**What you will do**
Report every line of the data where the string "London" appears.

**Data records**
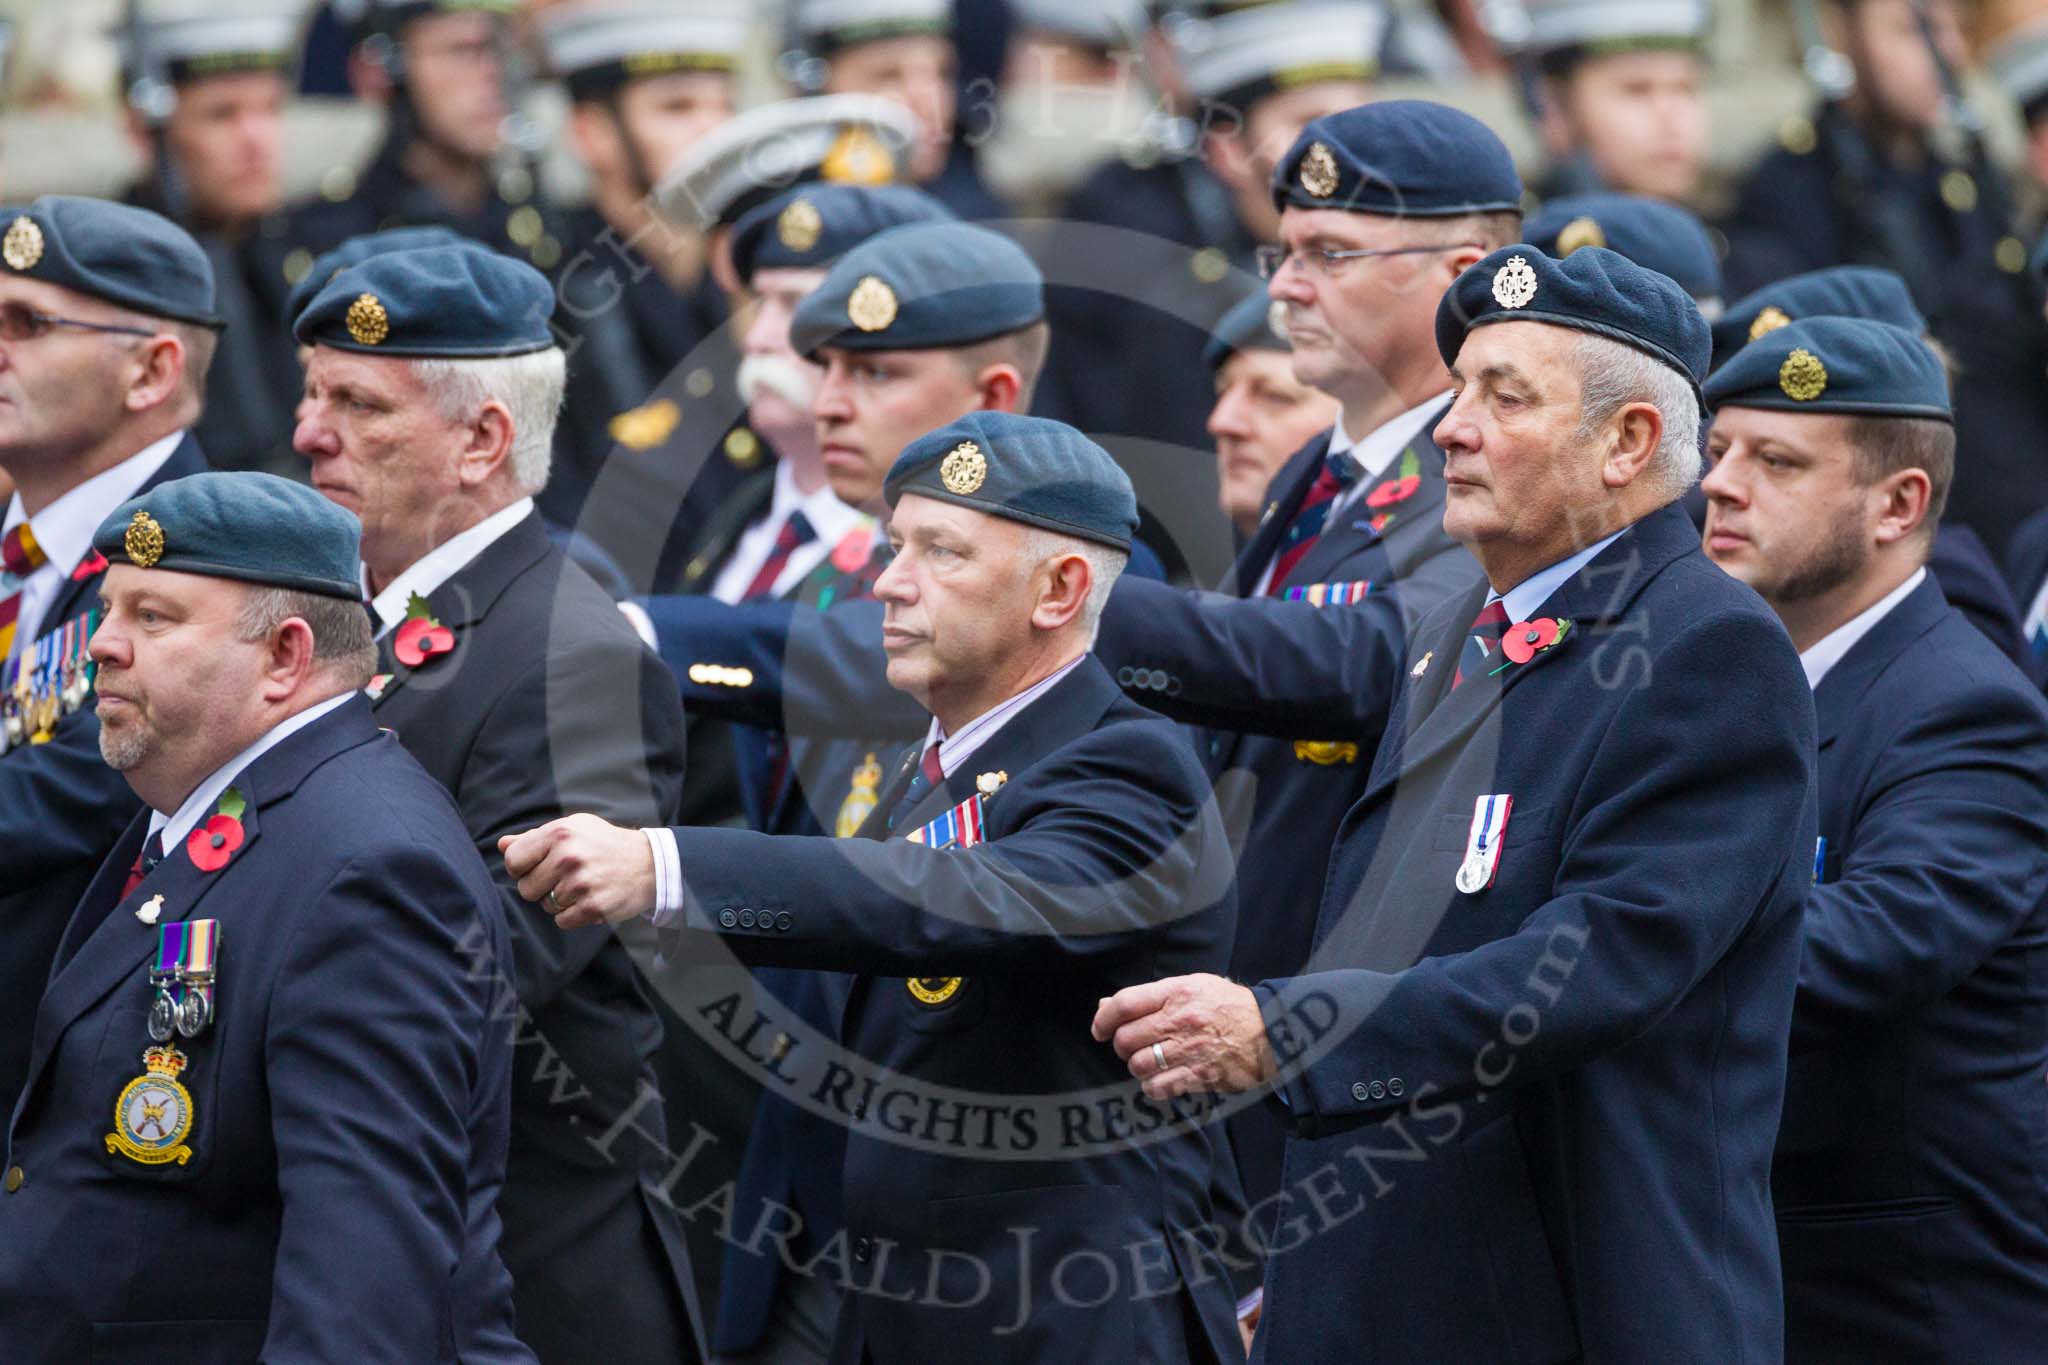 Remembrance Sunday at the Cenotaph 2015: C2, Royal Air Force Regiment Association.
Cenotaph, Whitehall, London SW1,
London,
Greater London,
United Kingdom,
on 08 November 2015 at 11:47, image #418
...
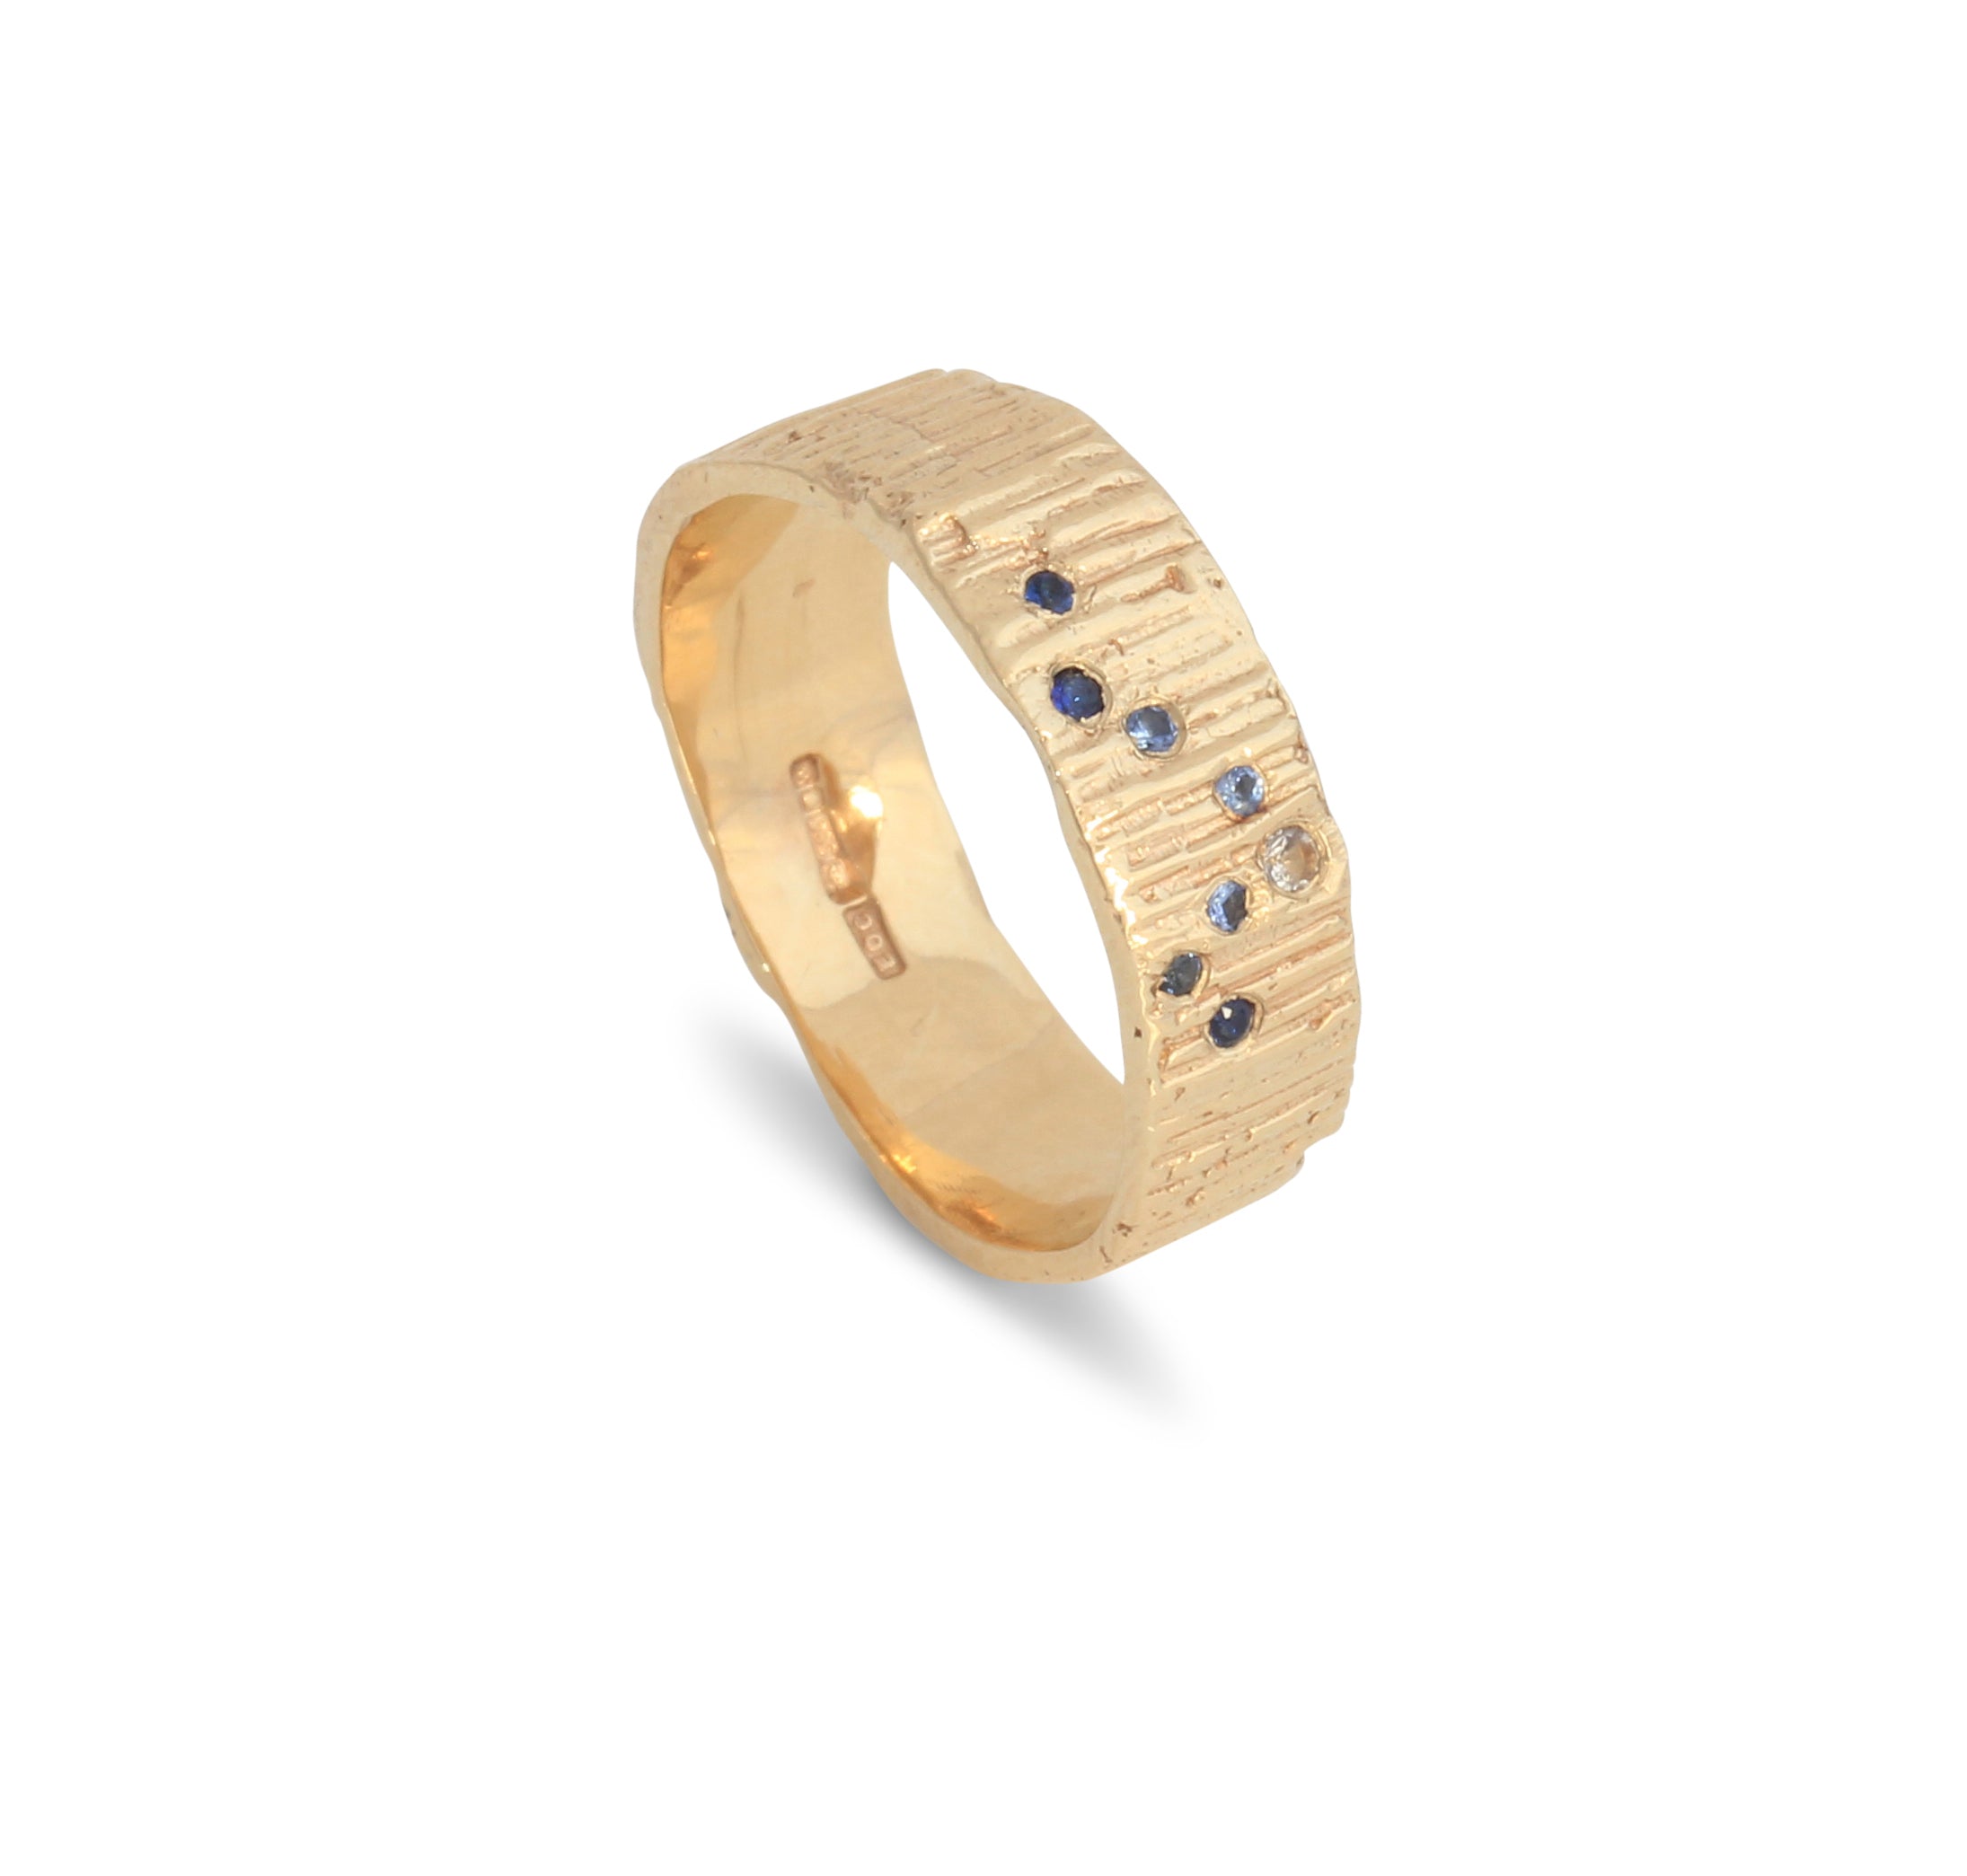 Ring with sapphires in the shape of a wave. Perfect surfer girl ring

**Result of the exercise**
Cenotaph, Whitehall, London SW1,
London,
Greater London,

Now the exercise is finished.